Here is an example document:
{
"_id" : "myusers/3456789",
"_key" : "3456789",
"_rev" : "14253647",
"firstName" : "John",
"lastName" : "Doe",
"address" : {
"street" : "Road To Nowhere 1",
"city" : "Gotham"
},
"hobbies" : [
{name: "swimming", howFavorite: 10},
{name: "biking", howFavorite: 6},
{name: "programming", howFavorite: 4}
]
}
All documents contain special attributes: the
document handle is stored
as a string in _id
, the
document's primary key in
_key
and the
document revision in
_rev
. The value of the _key
attribute can be specified by the user when
creating a document. _id
and _key
values are immutable once the document
has been created. The _rev
value is maintained by ArangoDB automatically.
Document Handle
A document handle uniquely identifies a document in the database. It
is a string and consists of the collection's name and the document key
(_key
attribute) separated by /
.
Document Key
A document key uniquely identifies a document in the collection it is
stored in. It can and should be used by clients when specific documents
are queried. The document key is stored in the _key
attribute of
each document. The key values are automatically indexed by ArangoDB in
a collection's primary index. Thus looking up a document by its
key is a fast operation. The _key value of a document is
immutable once the document has been created. By default, ArangoDB will
auto-generate a document key if no _key attribute is specified, and use
the user-specified _key otherwise.
This behavior can be changed on a per-collection level by creating
collections with the keyOptions
attribute.
Using keyOptions
it is possible to disallow user-specified keys
completely, or to force a specific regime for auto-generating the _key
values.
Document Revision
As ArangoDB supports MVCC (Multiple Version Concurrency Control),
documents can exist in more than one
revision. The document revision is the MVCC token used to specify
a particular revision of a document (identified by its _id
).
It is a string value currently
containing an integer number and is unique within the list of document
revisions for a single document. Document revisions can be used to
conditionally query, update, replace or delete documents in the database. In
order to find a particular revision of a document, you need the document
handle or key, and the document revision.
ArangoDB uses 64bit unsigned integer values to maintain document revisions internally. When returning document revisions to clients, ArangoDB will put them into a string to ensure the revision is not clipped by clients that do not support big integers. Clients should treat the revision returned by ArangoDB as an opaque string when they store or use it locally. This will allow ArangoDB to change the format of revisions later if this should be required. Clients can use revisions to perform simple equality/non-equality comparisons (e.g. to check whether a document has changed or not), but they should not use revision ids to perform greater/less than comparisons with them to check if a document revision is older than one another, even if this might work for some cases.
Document Etag
ArangoDB tries to adhere to the existing HTTP standard as far as
possible. To this end, results of single document queries have the HTTP
header ETag
set to the document revision enclosed in double quotes.

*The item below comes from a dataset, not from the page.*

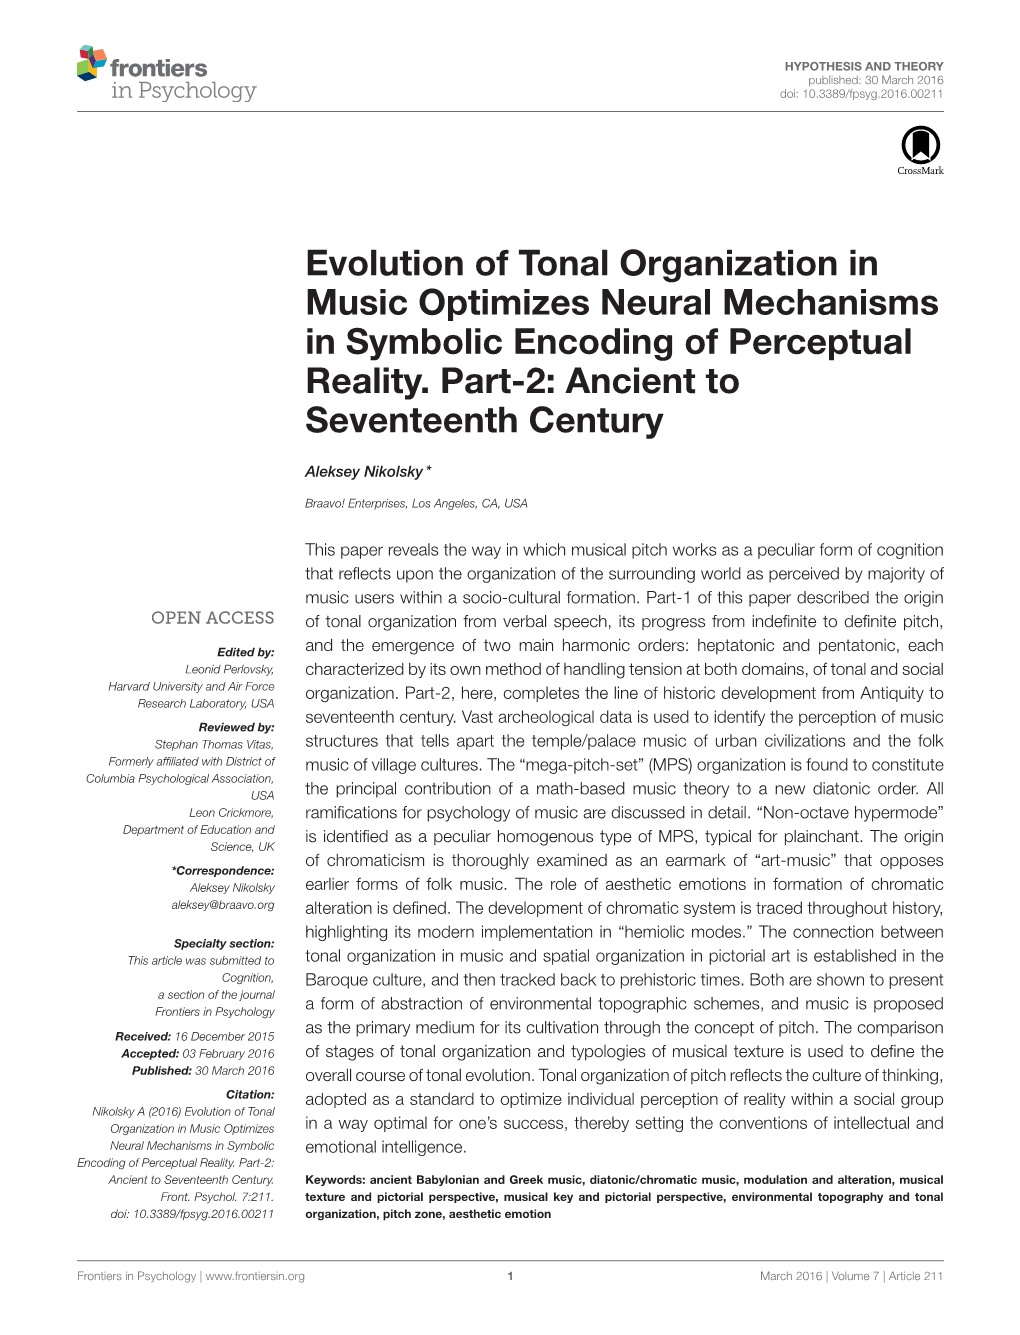 Evolution of Tonal Organization in Music Optimizes Neural Mechanisms in Symbolic Encoding of Perceptual Reality
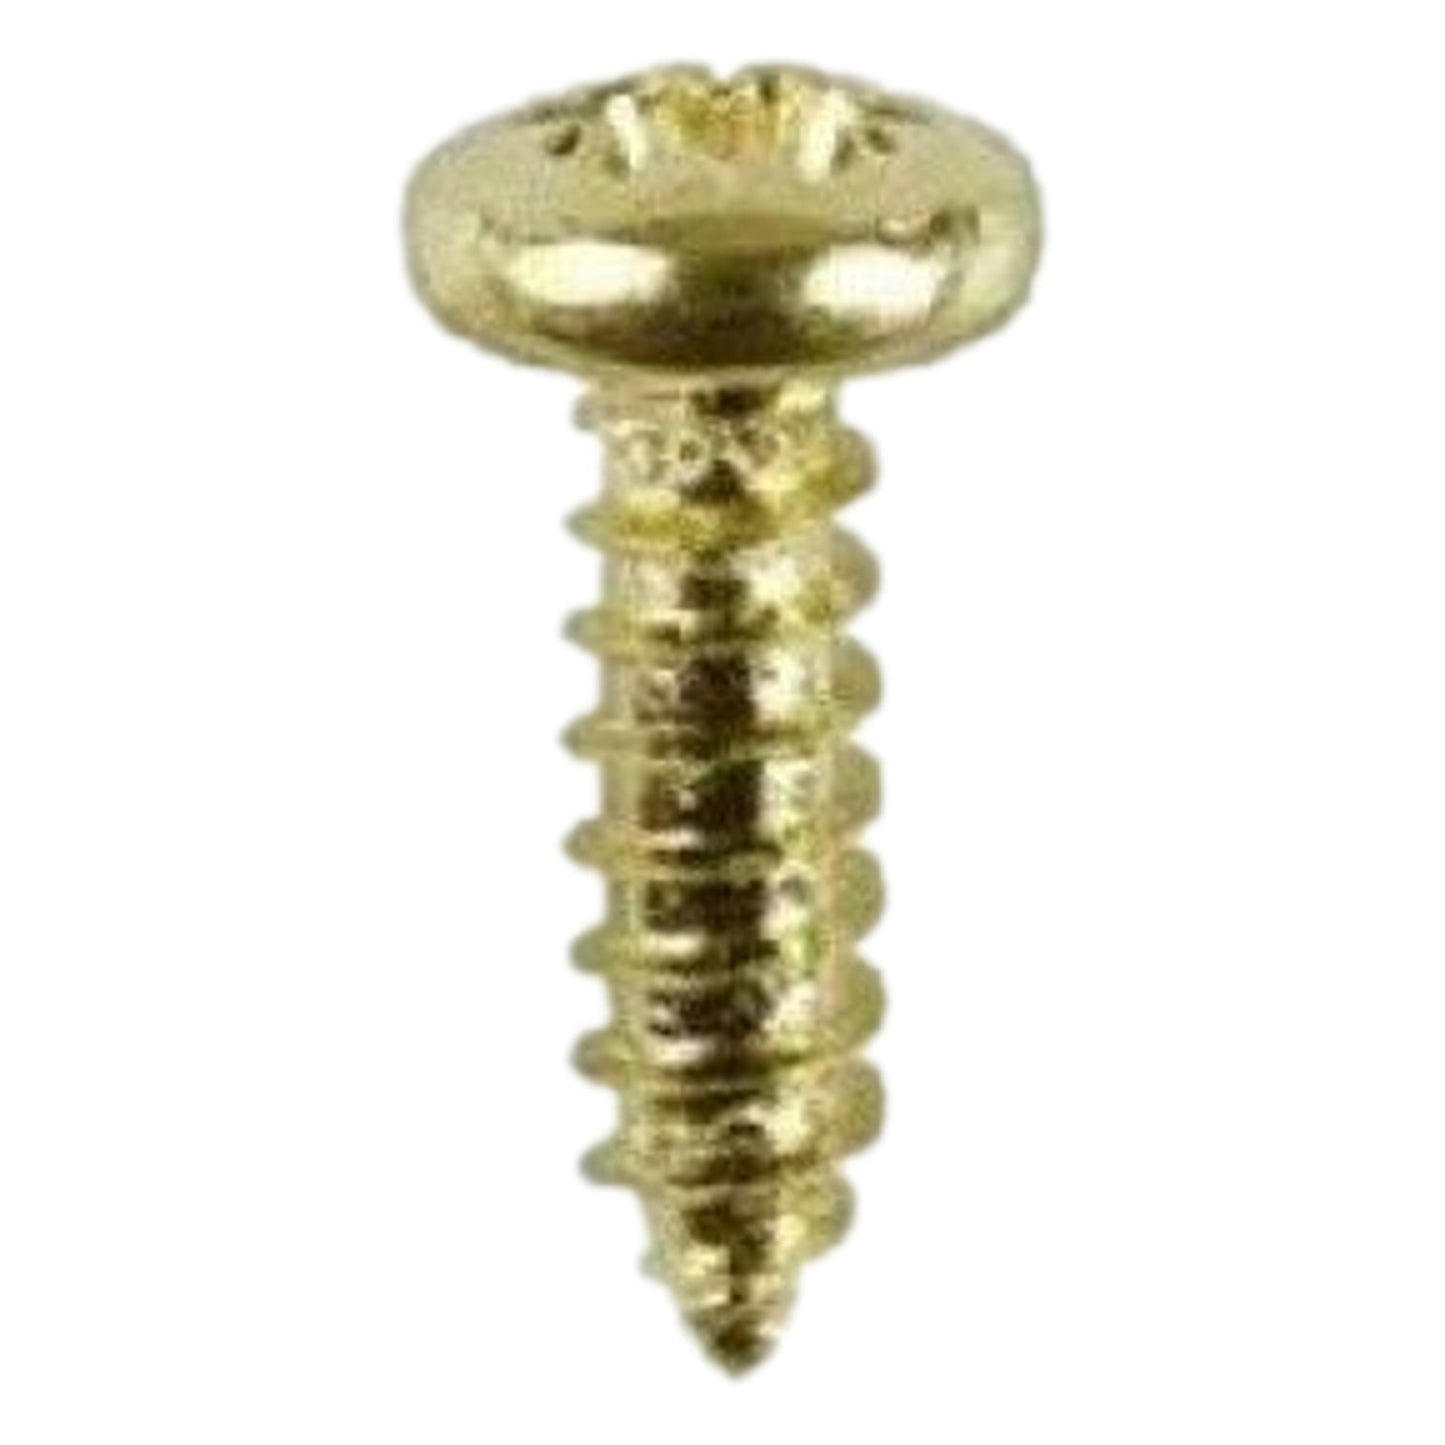 Taskar Brass Picture Hanging D Rings & Screws (500 Pack)

The basic operations (create, read, exists, replace, update, delete) for documents are mapped to the standard HTTP methods (POST, GET, HEAD, PUT, PATCH and DELETE).
If you modify a document, you can use the If-Match field to detect conflicts. The revision of a document can be checking using the HTTP method HEAD.
Multiple Documents in a single Request
Beginning with ArangoDB 3.0 the basic document API has been extended to handle not only single documents but multiple documents in a single request. This is crucial for performance, in particular in the cluster situation, in which a single request can involve multiple network hops within the cluster. Another advantage is that it reduces the overhead of the HTTP protocol and individual network round trips between the client and the server. The general idea to perform multiple document operations in a single request is to use a JSON array of objects in the place of a single document. As a consequence, document keys, handles and revisions for preconditions have to be supplied embedded in the individual documents given. Multiple document operations are restricted to a single document or edge collections. See the API descriptions for details.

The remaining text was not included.